Et ce n’est pas leur seule différence. «à l’inverse du cheval, les ânes ne sont pas des animaux de fuite. Ils ont un comportement territorial qu’ils savent défendre et gardent propre.» Capables de manger des chardons et des ronces sans broncher, ces herbivores peuvent souffrir facilement de colique (ralentissement ou arrêt du transit digestif) et de fourbure (congestion et inflammation des pieds), en raison d’un excès de nourriture. «On croit habituellement leur faire plaisir avec des carottes, mais elles doivent être consommées en quantité très raisonnable. Quant au pain, dont l’amidon se transforme en glucose au cours de la digestion, il est très nuisible pour leur santé.»


La fête des enfants
Océane est kinésiologue, mais aussi diplômée en communication animalière. Toute une histoire de ressentis et d’intuitions. «J’ai grandi entourée d’animaux. Mais c’est ma chienne qui a influencé mon orientation. Elle est avec moi depuis mes neuf ans. Cherokee, elle, a fait partie de ma vie d’adolescente.» Aujourd’hui, la jeune femme a partiellement quitté le toit familial. Avec les professions de l’une et de l’autre, les balades se sont raréfiées pour devenir le privilège de leur week-end. Une façon de jouer avec le temps, de le narguer amoureusement. Un hors-temps.

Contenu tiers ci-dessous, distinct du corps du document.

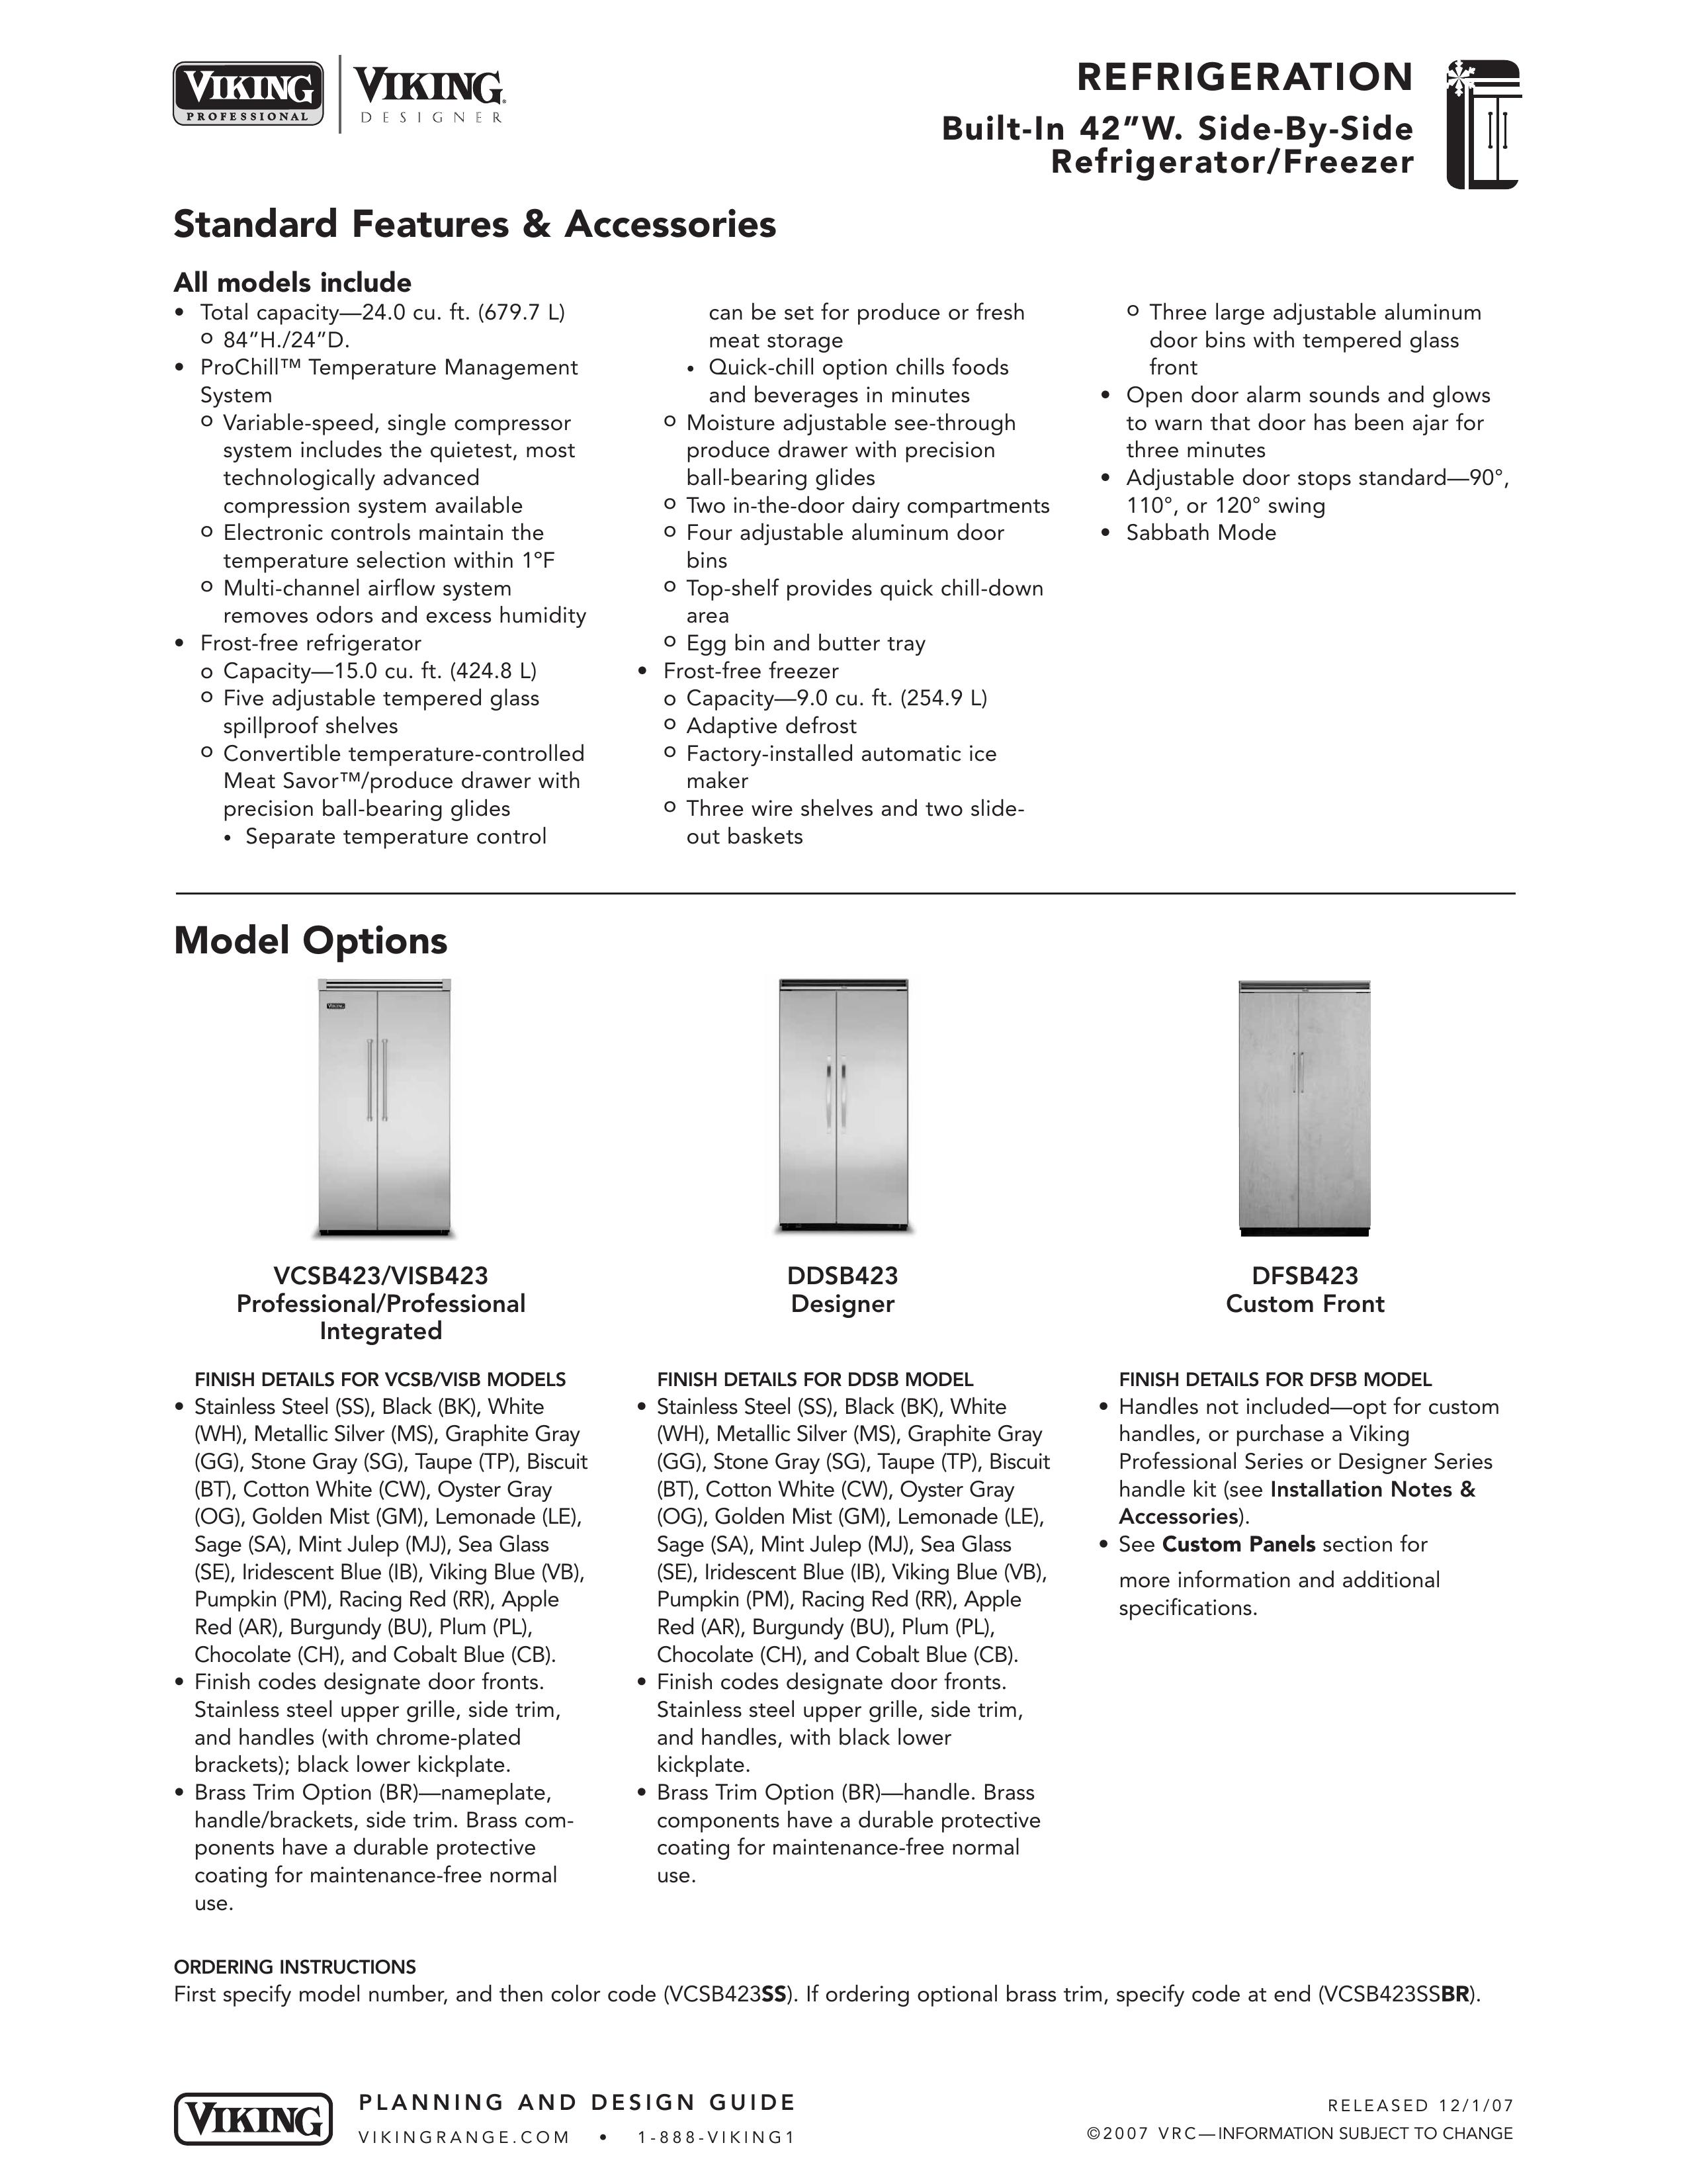 Viking DDSB423 Refrigerator User Manual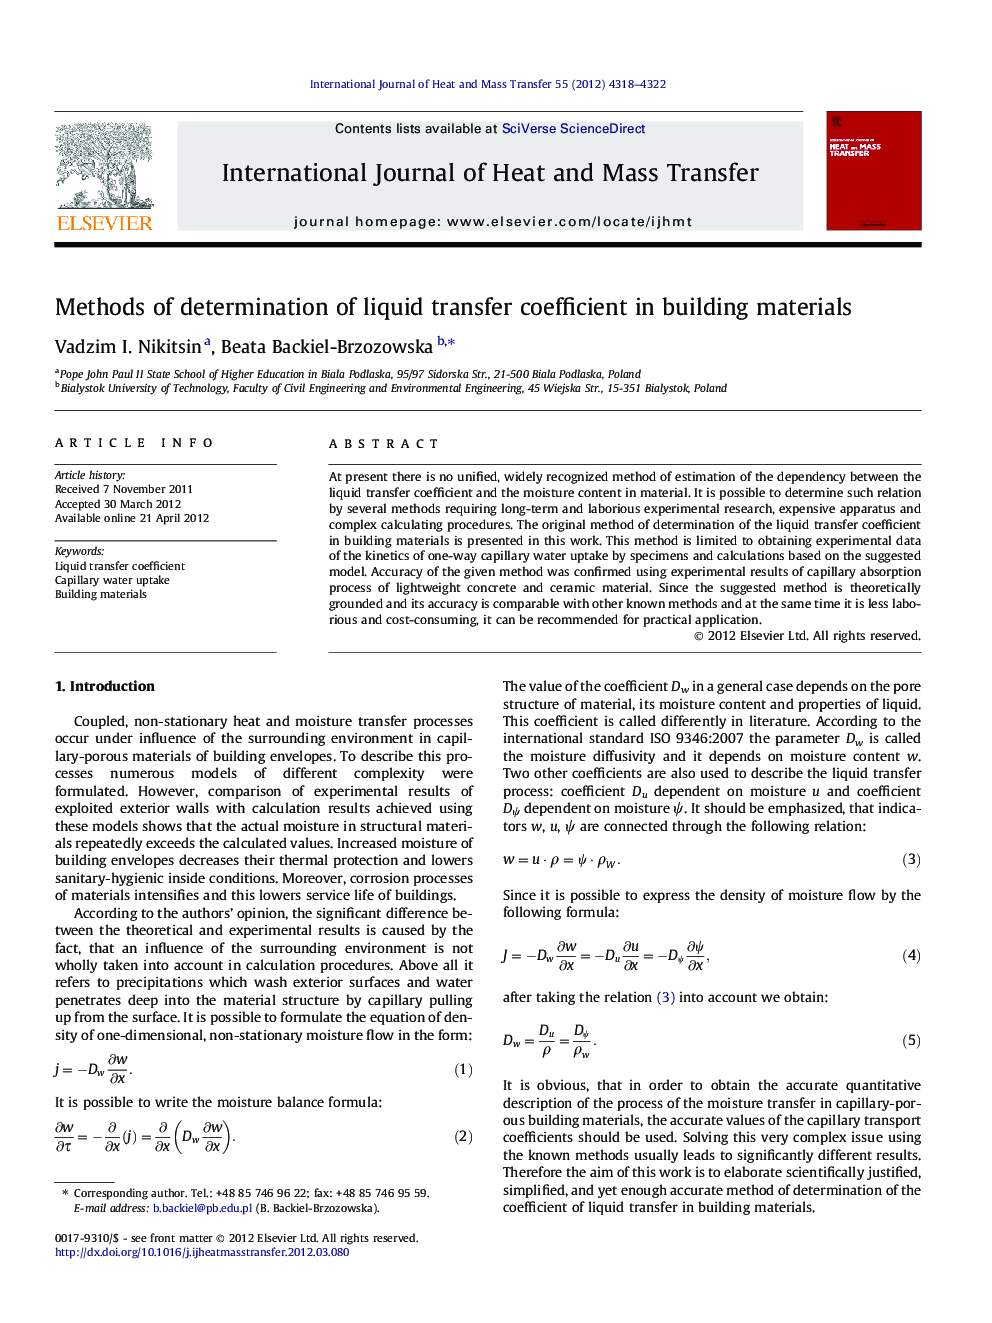 Methods of determination of liquid transfer coefficient in building materials

Cherokee et Cheyenne participent régulièrement au marché de Noël de Troinex. «C’est l’occasion pour les enfants de faire un petit tour sur leur dos. Ils sont ravis et nous remercient, mais c’est surtout les ânesses qu’il faut remercier, c’est ce que nous essayons de leur apprendre.» Les deux passionnées organisent également des moments dans le champ pour les enfants accompagnés de leurs parents. Les deux ânesses sont aussi les vedettes de jours d’anniversaire inoubliables. Quiz, figures de voltige sur le dos de l’animal à l’arrêt, enchantement et photos souvenirs… Un vrai bonheur.
Rendez-vous avec les ânes
Visites et animations d’anniversaires sur demande. Les visites sont organisées le mercredi et le week-end, à prévoir une semaine à l’avance.
Informations:
Florence
079 941 43 52
Hommage à Ficelle et Pelote
Les habitants du village se souviennent des deux brebis qui ont partagé la vie de Cherokee et Cheyenne durant plus de dix ans. Très affaiblie par de l’arthrose, Pelote devait être euthanasiée. C’était en août 2020. Toutes les quatre étaient à l’alpage comme chaque été. Le dernier matin, on a trouvé les brebis tuées par des loups. «Une sorte de pacte de solidarité tacite. Elles entretenaient toutes deux une relation si étroite qu’elles ont eu envie de partir ensemble», expliquent Florence et Océane.